Input records:

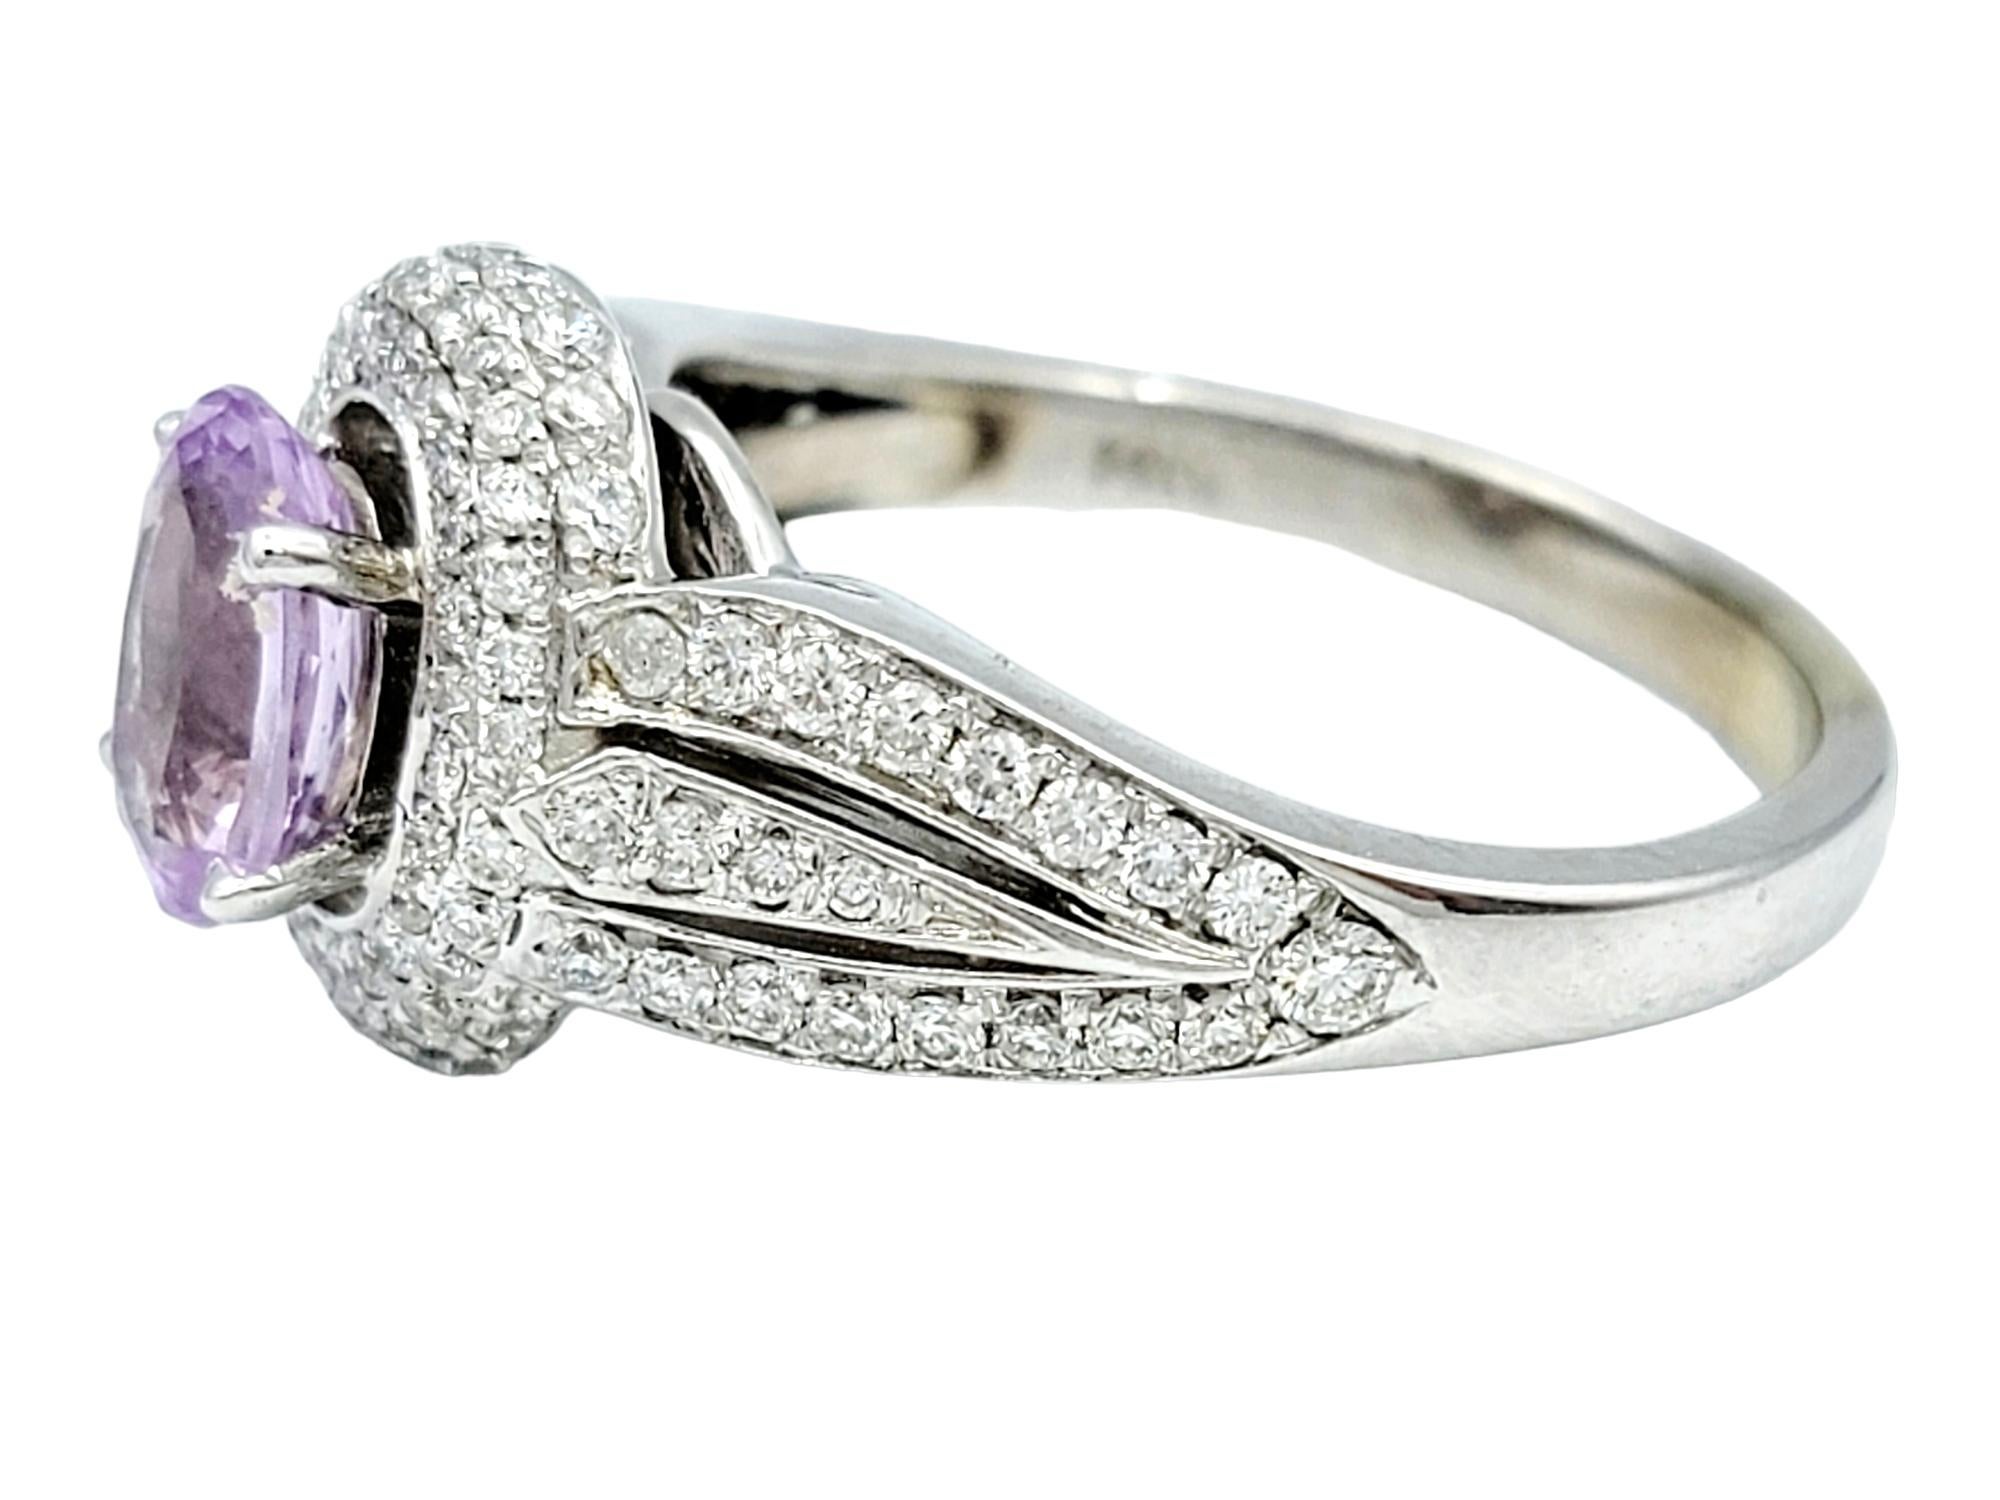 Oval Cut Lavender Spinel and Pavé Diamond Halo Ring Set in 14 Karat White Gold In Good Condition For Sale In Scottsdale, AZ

--

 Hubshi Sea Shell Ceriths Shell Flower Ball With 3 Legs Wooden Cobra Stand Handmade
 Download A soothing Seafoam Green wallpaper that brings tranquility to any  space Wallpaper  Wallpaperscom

Try it: Among the entries above, the lines between the ones containing "Hubshi Sea Shell" and "Download A soothing", inclusive, are to be transcribed exactly. No other line is to be given.

Result for this exercise:
 Hubshi Sea Shell Ceriths Shell Flower Ball With 3 Legs Wooden Cobra Stand Handmade
 Download A soothing Seafoam Green wallpaper that brings tranquility to any  space Wallpaper  Wallpaperscom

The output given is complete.